# Maintaining height through the swing



## Neddy (Aug 26, 2012)

I played today and hit some good shots , but sadly i hit just as many humongous fats.

I think it's because (with the irons) I get caught up in hitting down on them and "dip" into the ball, hitting the ground first. Or i am slightly too slouched at set up.

Any good drills to help me maintain my height? Or is it simply a question of very deliberately standing taller at address and trying not to get too low?


----------



## Foxholer (Aug 27, 2012)

Bob's the main man for these, but I believe balance, and too much upper body (as opposed to arms, not obesity) in the swing, often plays a significant role in these problems. You may also be trying to hit it too hard also - which throws you out of balance too.

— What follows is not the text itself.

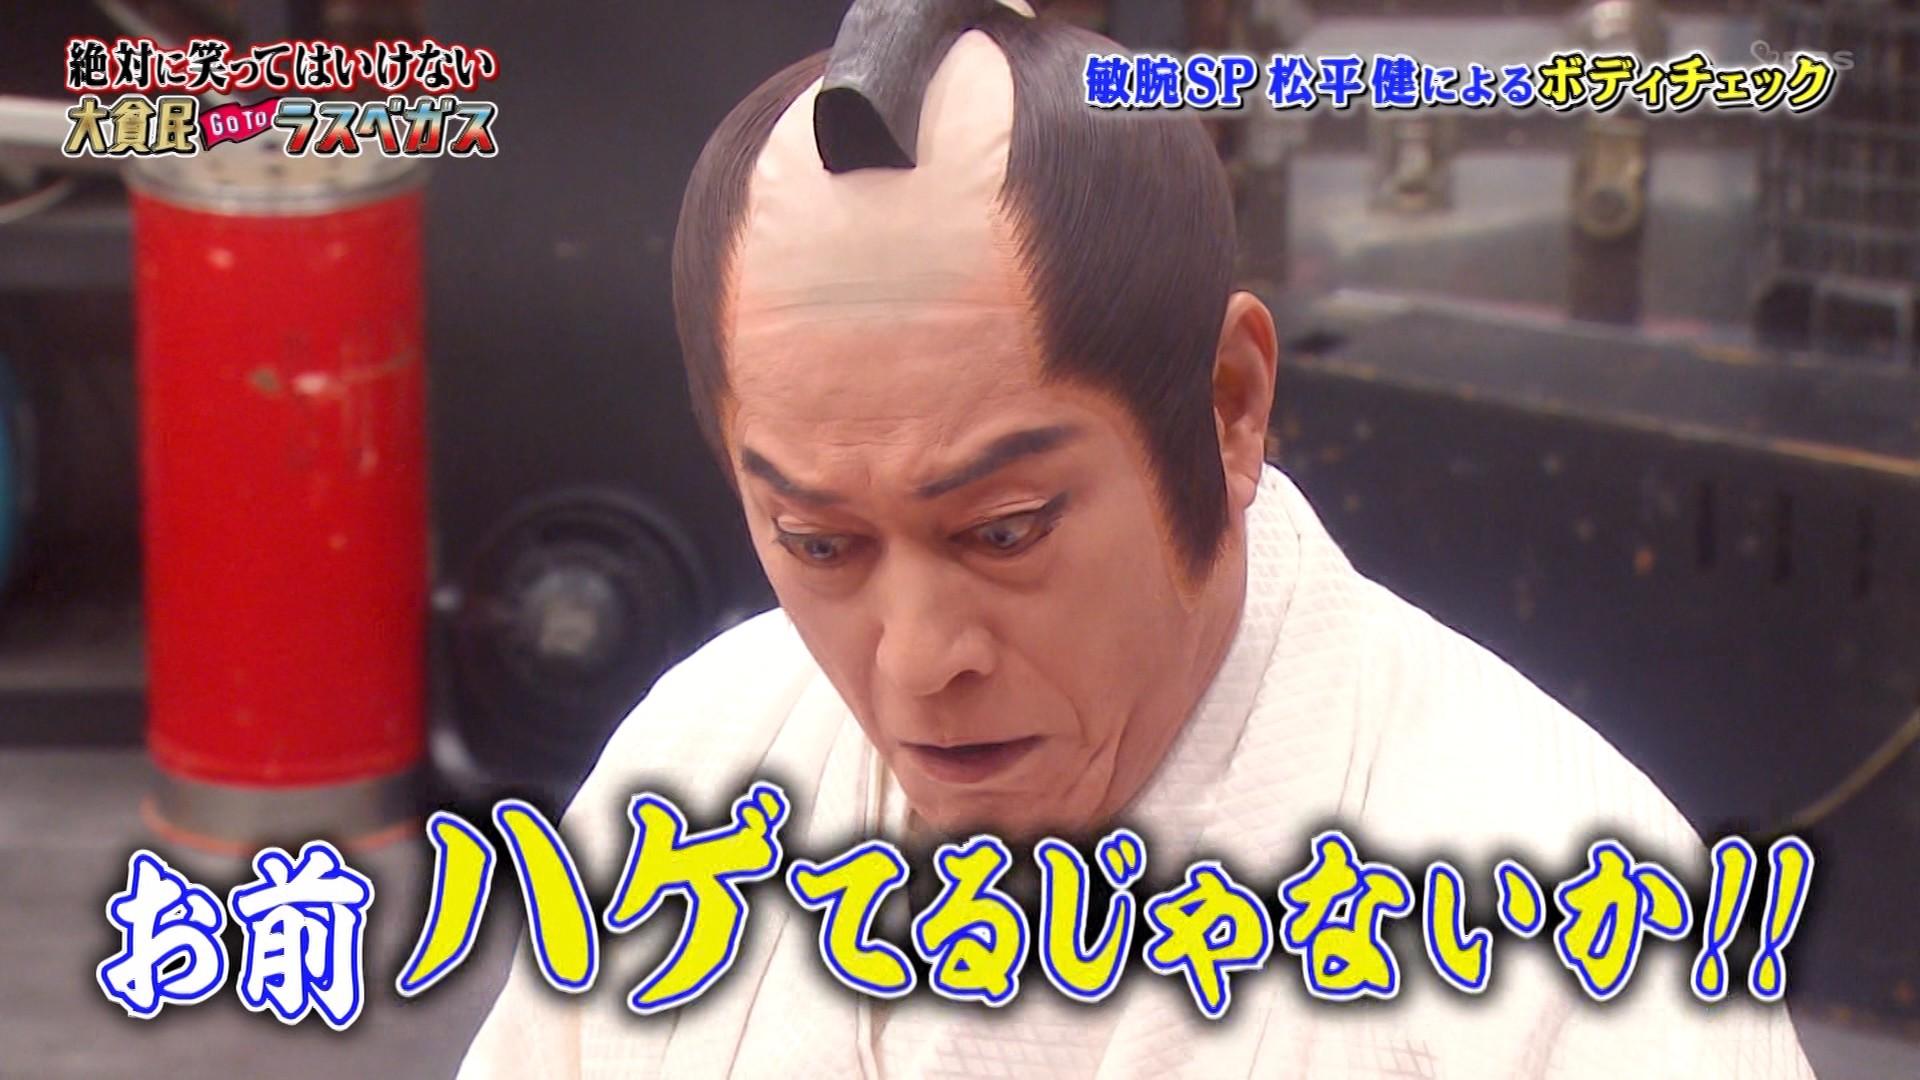 【ハゲ速報】山崎邦正さん、植毛のCMを断る!!!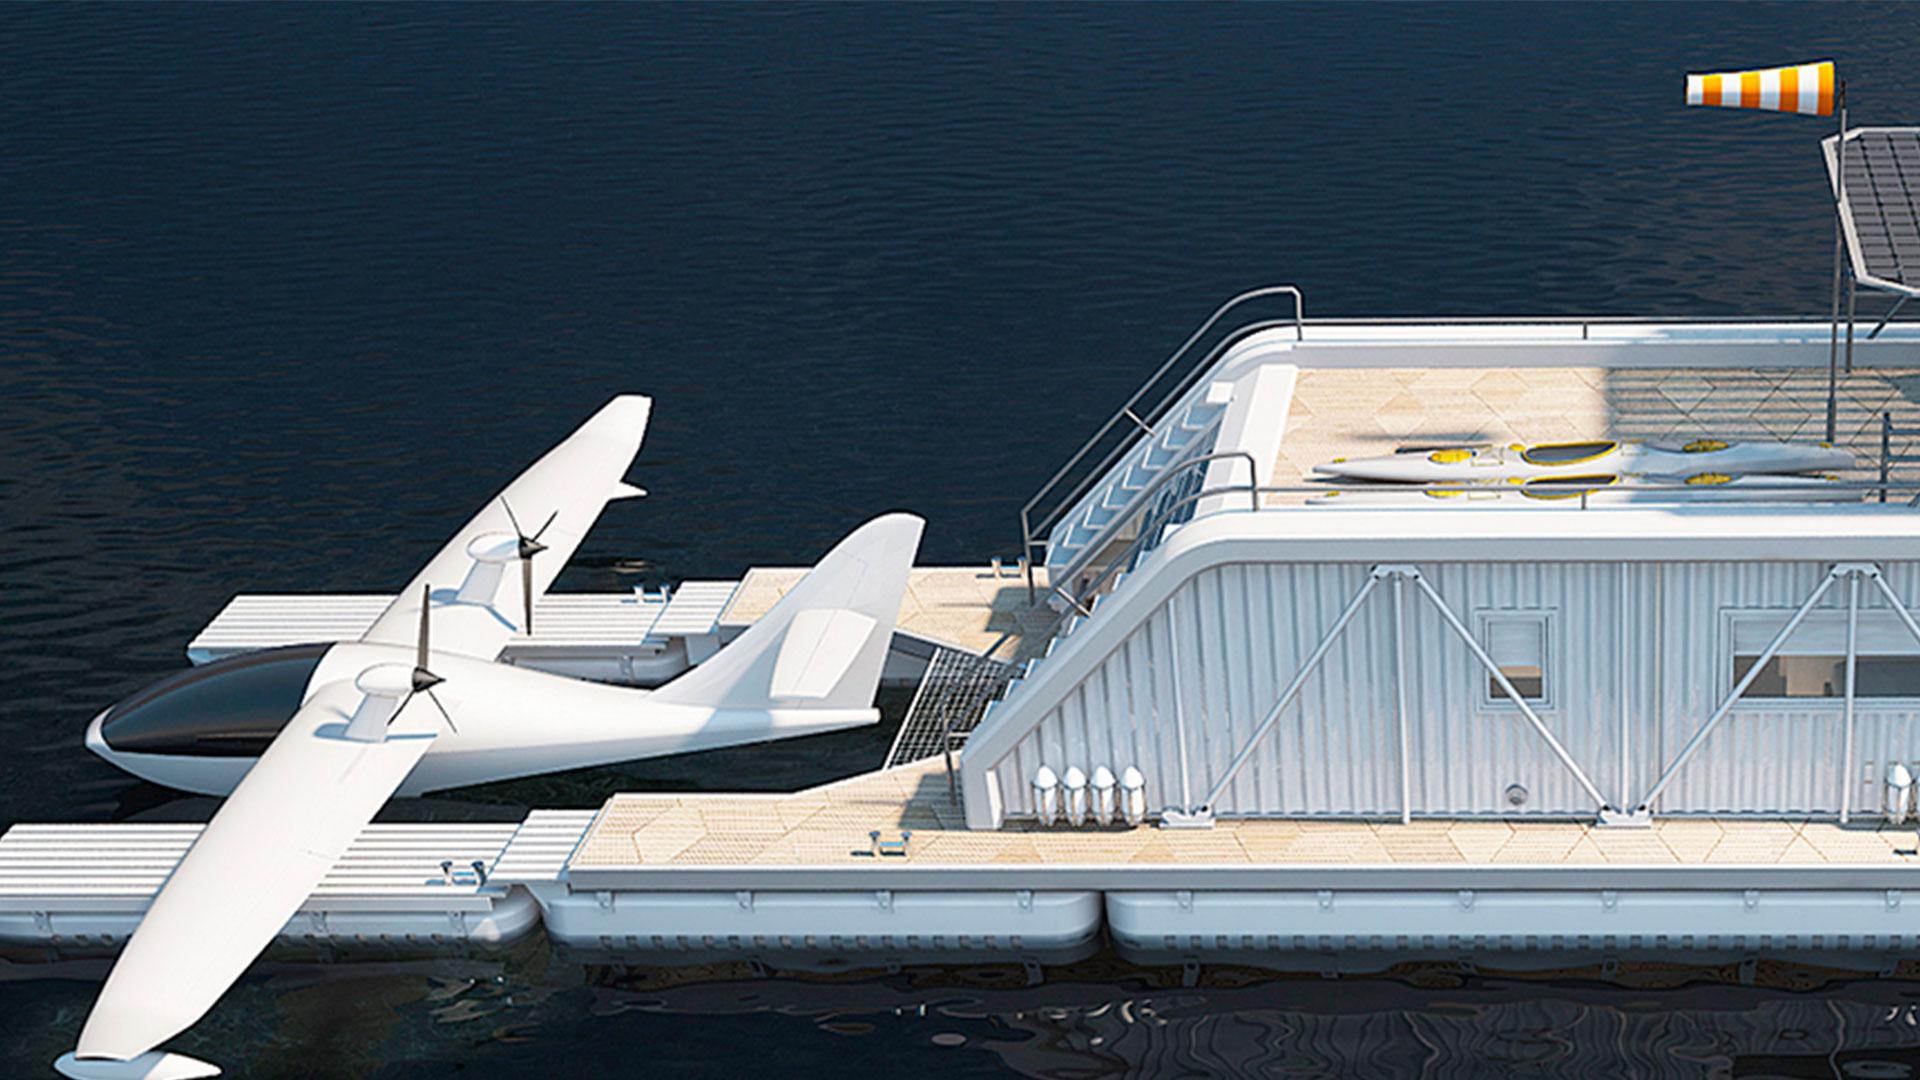 Casa avión barco hero asset

Try practicing hitting with your feet together - then one-handed (left-handed for a rightee). Both balance and 'connection' should improve. And you should start that drill with a half swing, otherwise you are likely to end up on the floor!


----------



## Wolfman (Aug 27, 2012)

I had a problem hitting fats and deep divots

Two things  i had to work on

1. Right leg was changing and ending up straighter in the backswing and i dipped in the downswing 
2. weight shift was next thing, i was leaving weight on back leg and hitting it fat 

Check your back leg is keeping shape as you turn and coil DO NOT STRAIGHTEN IT !

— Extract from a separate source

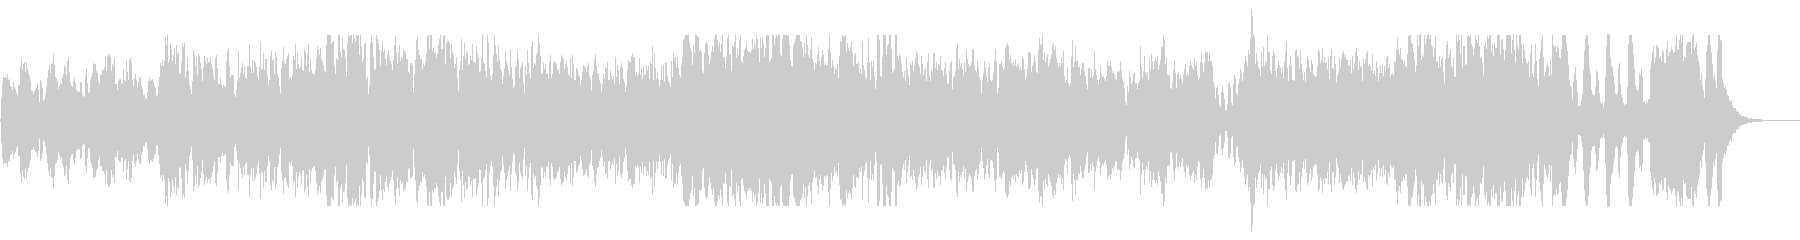 メルヘンなオープニングオーケストラの未再生の波形

If this is ok make sure you get your weight across to the front leg at impact


----------



## richy (Aug 27, 2012)

I was dipping on my back swing quite considerably which was causing all sorts of problems especially heavy shots and blocks to the right. Started lessons with a new pro and he picked up on it straight away (last few pros never mentioned it). 

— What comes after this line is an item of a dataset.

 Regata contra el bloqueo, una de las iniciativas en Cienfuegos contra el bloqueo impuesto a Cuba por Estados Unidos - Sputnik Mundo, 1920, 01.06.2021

He got me to imagine the back of my head was touching a ceiling and I had to keep it there throughout the backswing. Result - best I've ever struck the ball.


----------



## CMAC (Aug 27, 2012)

where do the divots point?

most likely leaving weight on back foot on the downswing


----------



## Neddy (Aug 27, 2012)

DarthVega said:



			where do the divots point?

most likely leaving weight on back foot on the downswing
		
Click to expand...

Straight ahead. My current bad shot is straight but fat, and therefore going about half the distance I would expect!

Just hit 50 at the range making a conscious effort to be a little bit taller at address and swing through rather than hitting down. 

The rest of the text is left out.